Ana is changing before our eyes. Those of us that have been studying with her for a while see it.

I think about how every time I change as a teacher I have students who don’t like it. Last time I came home from her teacher training, one of my students told me she liked me better before and to just be true to me. I mean she scheduled an appointment with me to tell me this. It was that important to her.

I got really pissed at this student but didn’t show it, because what good would that do and I also didn’t fully understand where my anger was coming from.

How the fuck does she know who I truly am under my yoga persona, under my carefully chosen yoga clothes?

She has no idea cause sometimes I don’t.

Her words got me.

But there was a message there- I don’t need anyone else’s permission to change.

I only need my own.

We did Suns today for thirty five minutes at the beginning of practice. Suns is the abbreviation Ana uses for Sun Salutations. I like to say it. Suns. Suns. It makes me feel cool and in the know.

We got to do it with the music turned up as loud as possible. The addition of music to the group practice is new.

We always do our morning intensive practice with her in silence. But I know she does her own practice to music. I like being let in.

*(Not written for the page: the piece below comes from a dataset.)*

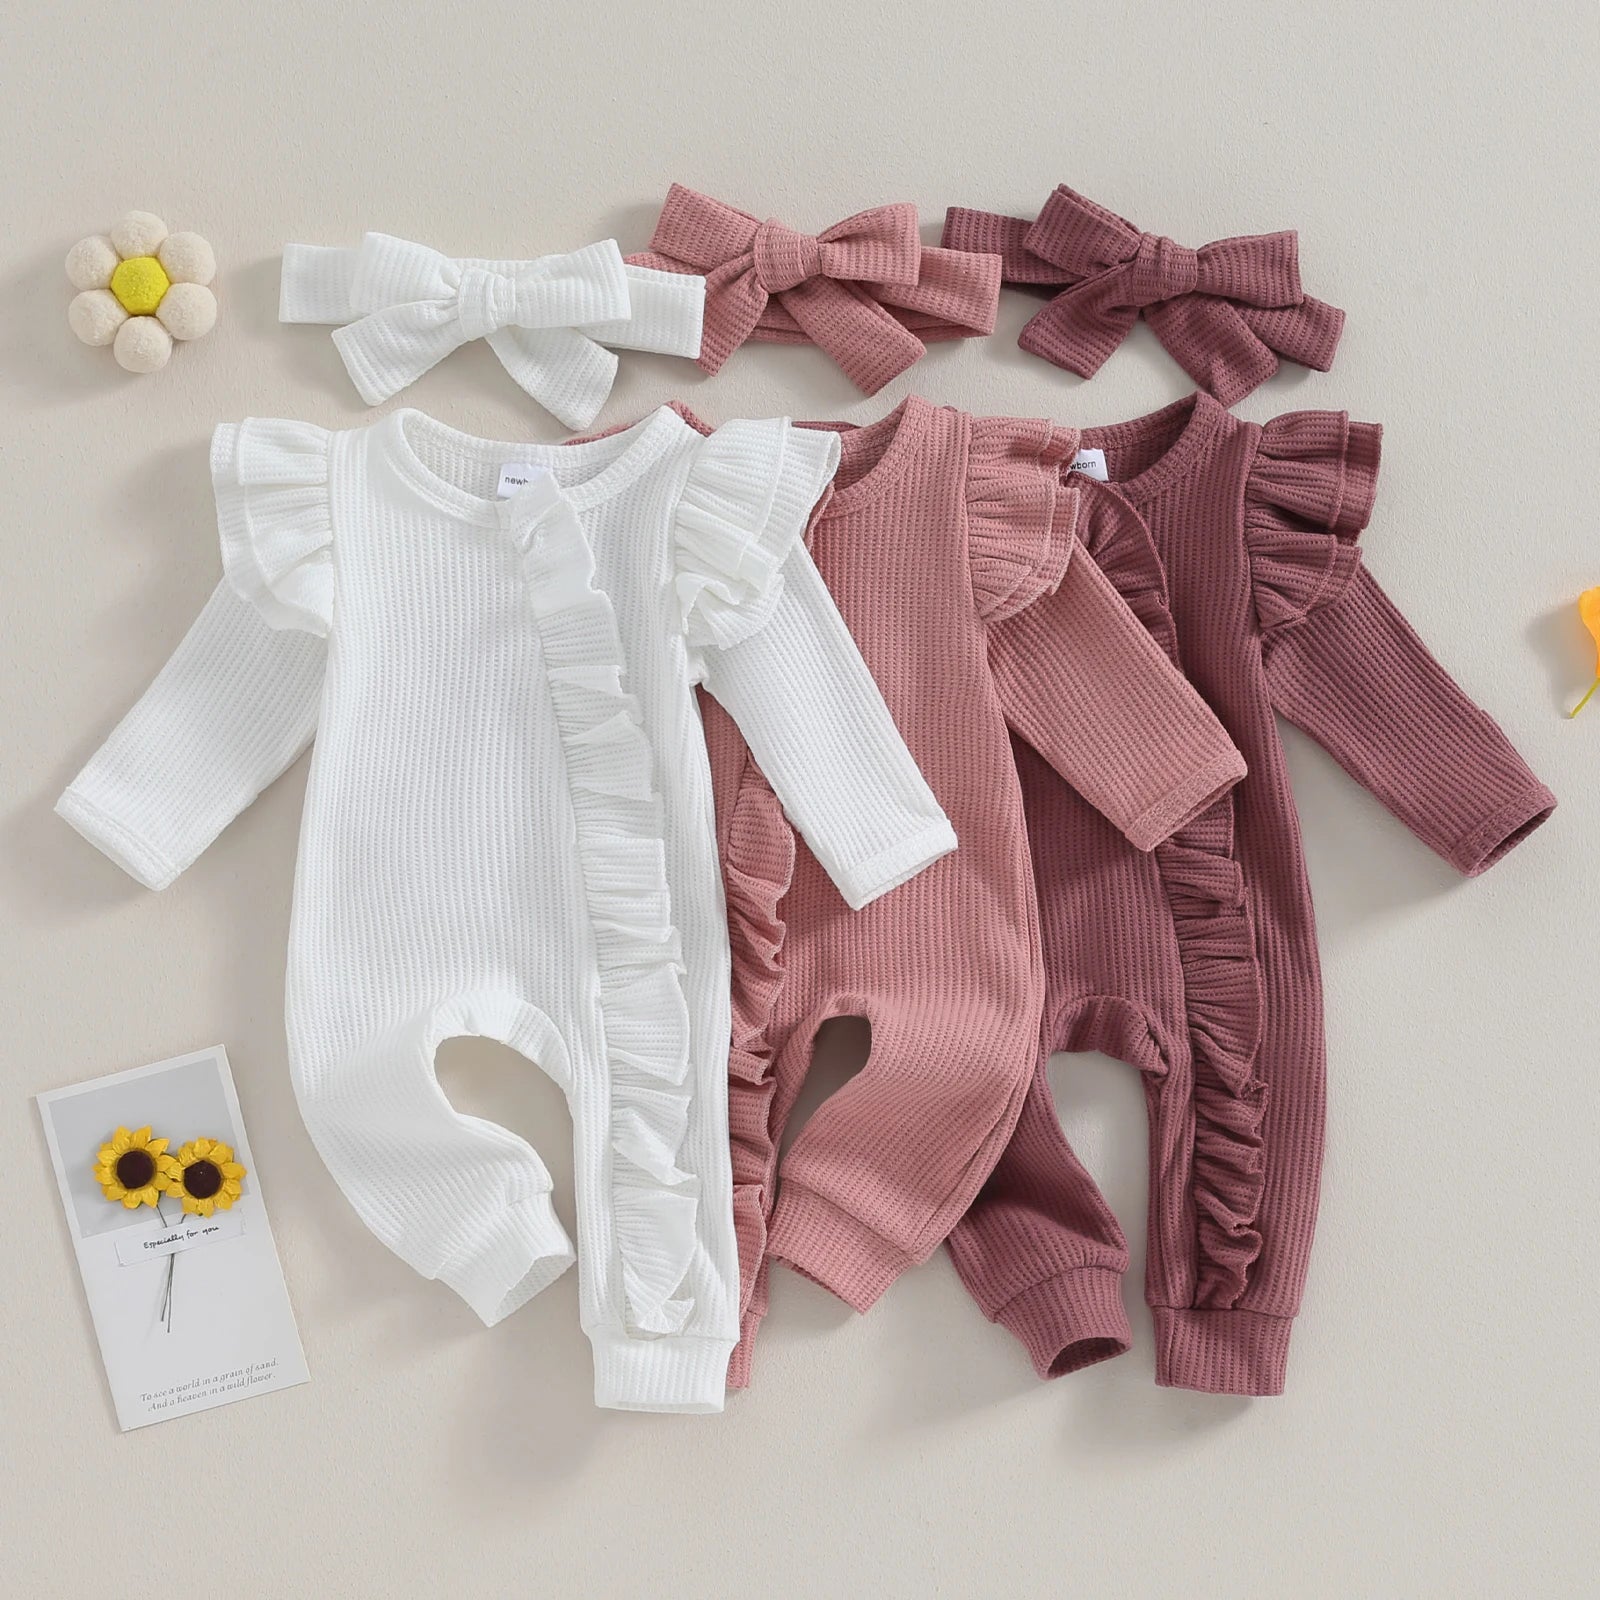 Pudcoco Infant Baby Girl Autumn Jumpsuit Solid Color Round Neck Flying Sleeve Ruffled Zipper Romper with Bow Headband 0-12M

The Who , Adele, and other musicians whose names I do not know played loud while we all moved at our own pace. Over and over again. The room was warm-heated- and all 60 of us were in this together. The guy next to me took his shirt off and I felt him let of of a rigidity he had been holding on to the whole week. I began to breathe.

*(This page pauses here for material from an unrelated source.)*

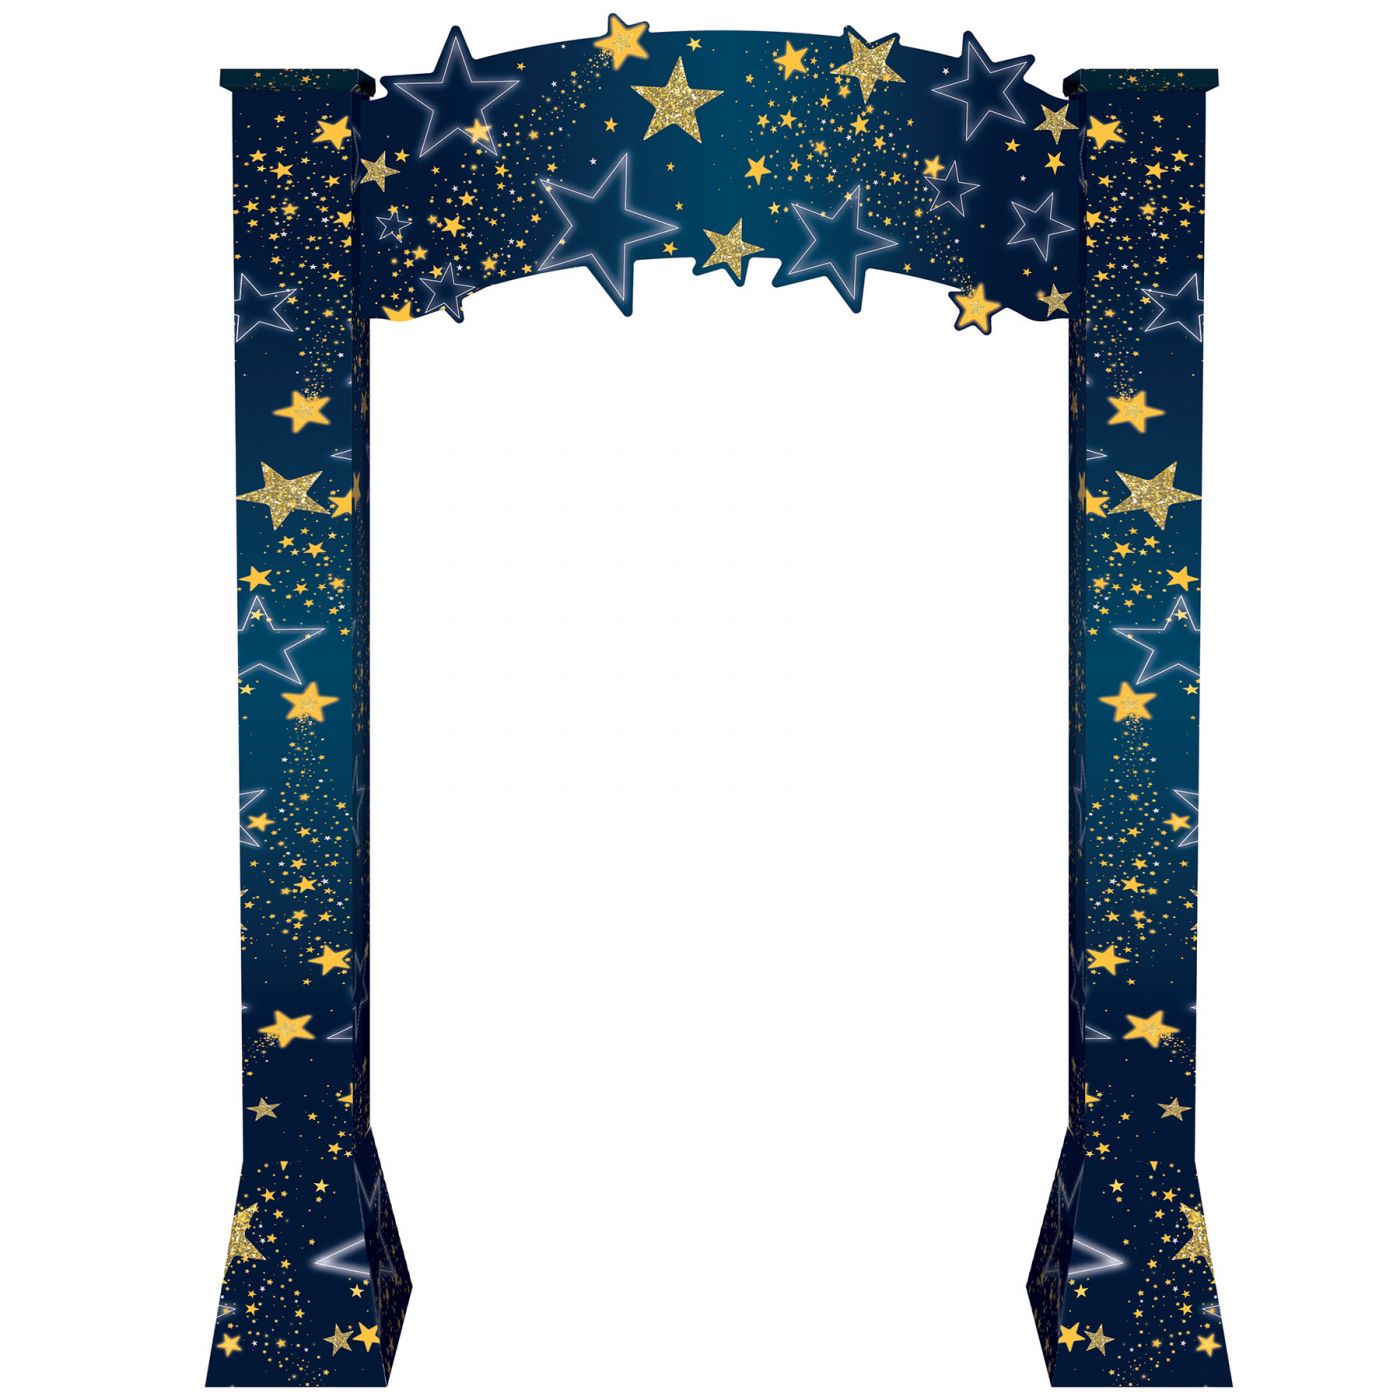 Starry Night 3-D Archway Prop (1) image

I closed my eyes and stepped my leg back into lunge lifting my arms up to the high ceilings. This is yoga. This is where I find my soul and sometimes when life is kicking my ass I leave my tender soul on the mat because I know it will hold it for me till I can come back and reclaim it.

I step my foot forward into lunge and lift my lower ribs away from my pelvis. This is space. I can have this. Space.

Space for change. Space for acceptance. Space for the unknown.

When the suns are over, I am spent. My sweat is pouring out of me like rain.

We then precede to do three more hours of hard demanding yoga. Three.

At first I resist, but then I breathe into the spaciousness.

I hear the Who’s lyrics. Only love can make it rain.